Failed deployments that result in unintended downtime, require the deployment to be rolled back or require a fix to be released urgently. The count of failed deployments is used to calculate the change failure rate (discussed above).

Monitoring the proportion of failures out of the total number of deployments helps measure your performance against SLAs.

However, bear in mind that a target of zero (or very few) failed deployments is not necessarily realistic, and can instead encourage teams to prioritize certainty. Doing so results in longer lead times and larger deployments as changes are batched together, which actually increases the likelihood of failures in production (as there are more variables) and makes them harder to fix (as there are more changes to wade through).

Defect count

Unlike failures, a defect count refers to the number of open tickets in your backlog classified as bugs. It can be further broken down by issues found in testing or staging and issues found in production.

Like code coverage, monitoring the number of defects is useful for alerting you to a general upward trend, which can indicate that bugs are getting out of hand. Keep in mind, however, that making this metric a target can lead to your team focusing more on classifying tickets than on fixing them.

Deployment size

As a corollary to deployment frequency (see above), deployment size – as measured by the number of story points included in a build or release – can be used to monitor batch size within a particular team.

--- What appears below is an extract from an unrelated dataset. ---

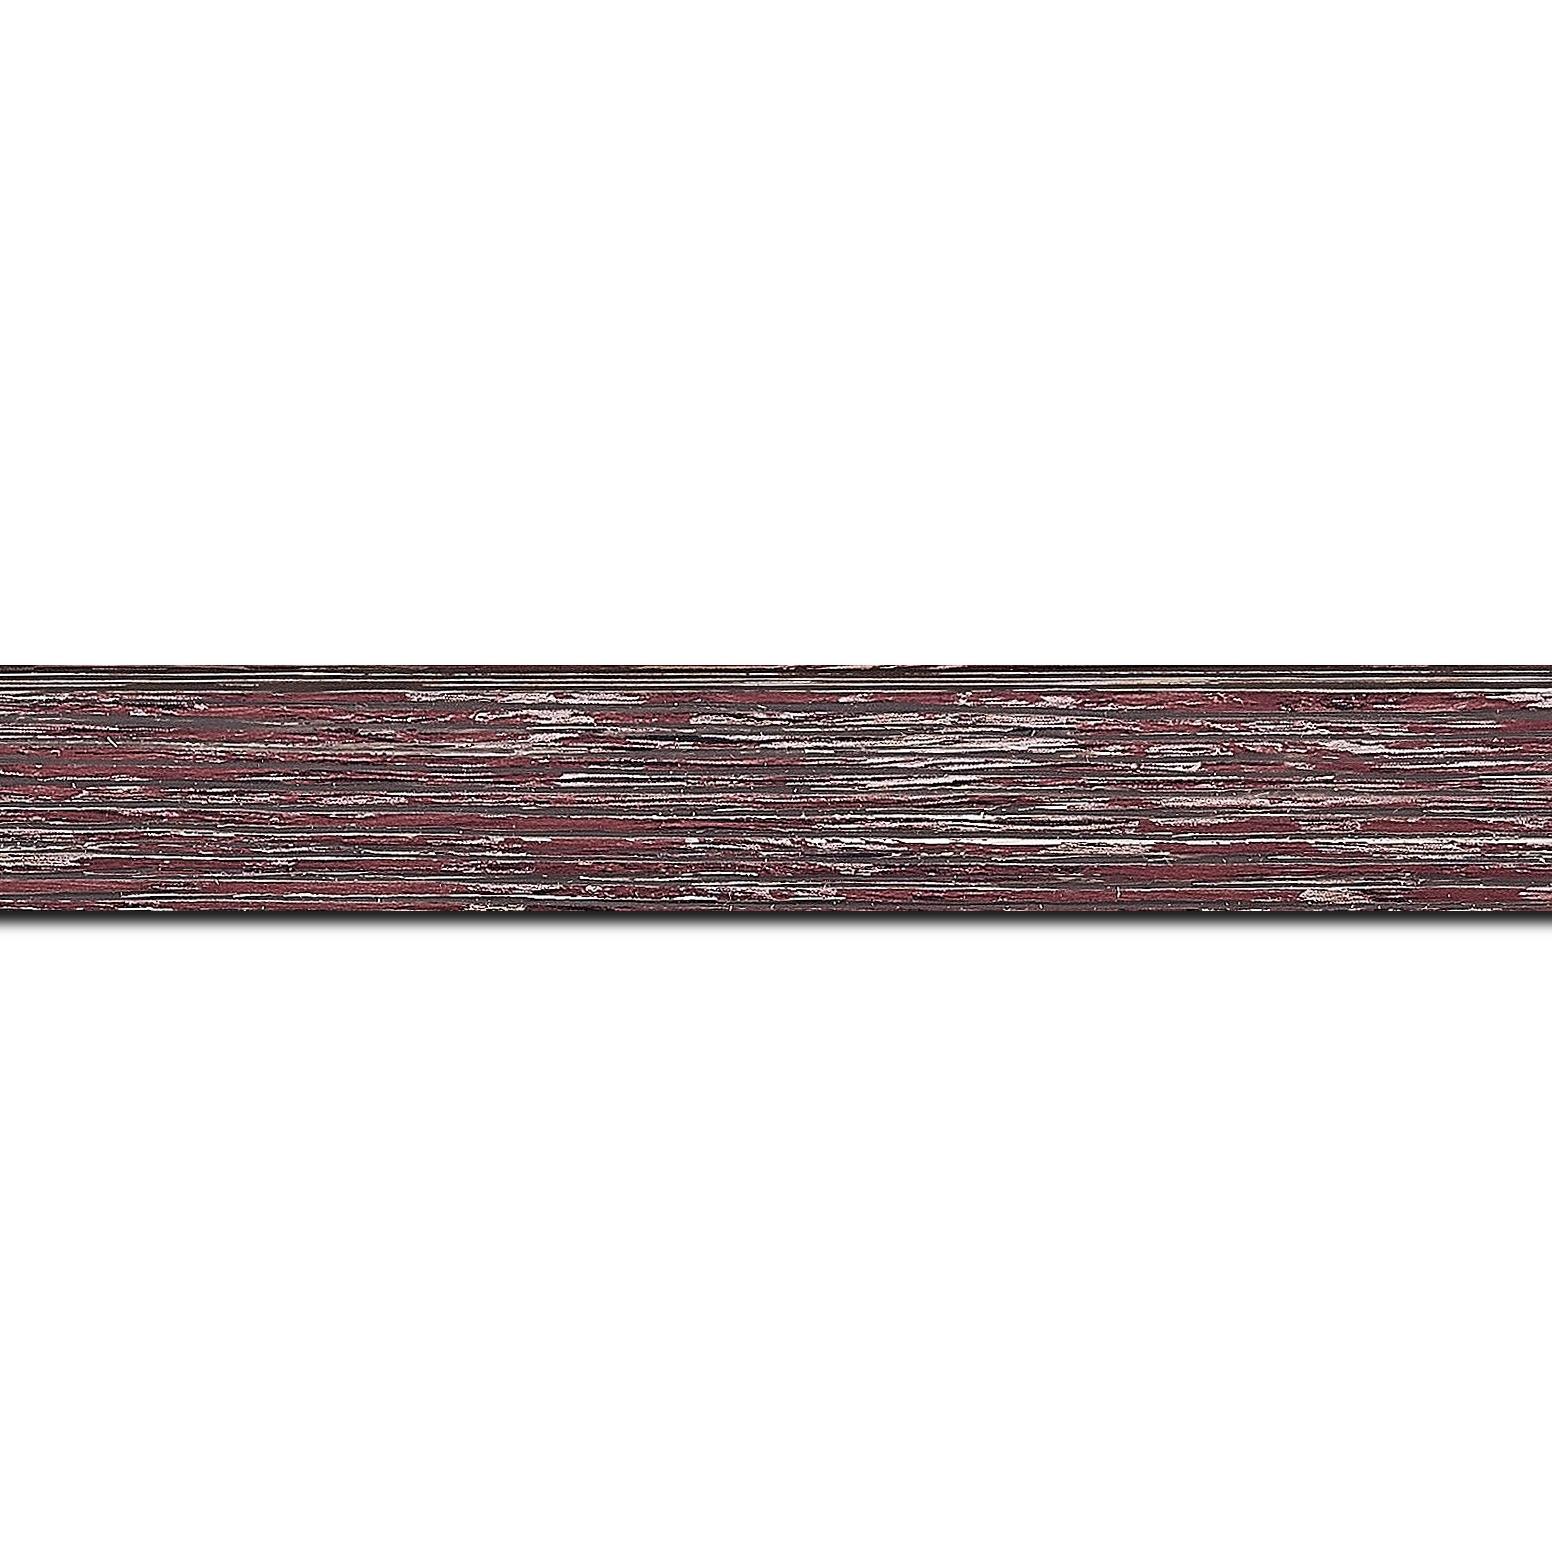 Baguette longueur 1.40m bois profil arrondi en pente plongeant largeur 2.4cm couleur framboise finition veinée, reflet argenté

Keeping deployments small shows that your team is committing regularly, with all the benefits that entails. However, as story estimates are not comparable across development teams, this metric should not be used to measure overall deployment size.

Conclusion

Monitoring these metrics allows you to better understand how well your CI/CD pipeline performs and whether you are on an upward or downward trend.

You can use metrics to identify areas of your process that would merit further attention. Once you’ve made a change, it’s good practice to keep monitoring the relevant metrics to verify whether they had the intended effect.

However, while metrics can provide useful indicators of performance, it’s important to read the numbers in context and to consider which behaviors might be incentivized by focusing on a particular metric. Bear in mind that the goal is not the numbers themselves, but keeping your pipeline fast and reliable so that you can keep delivering value to users.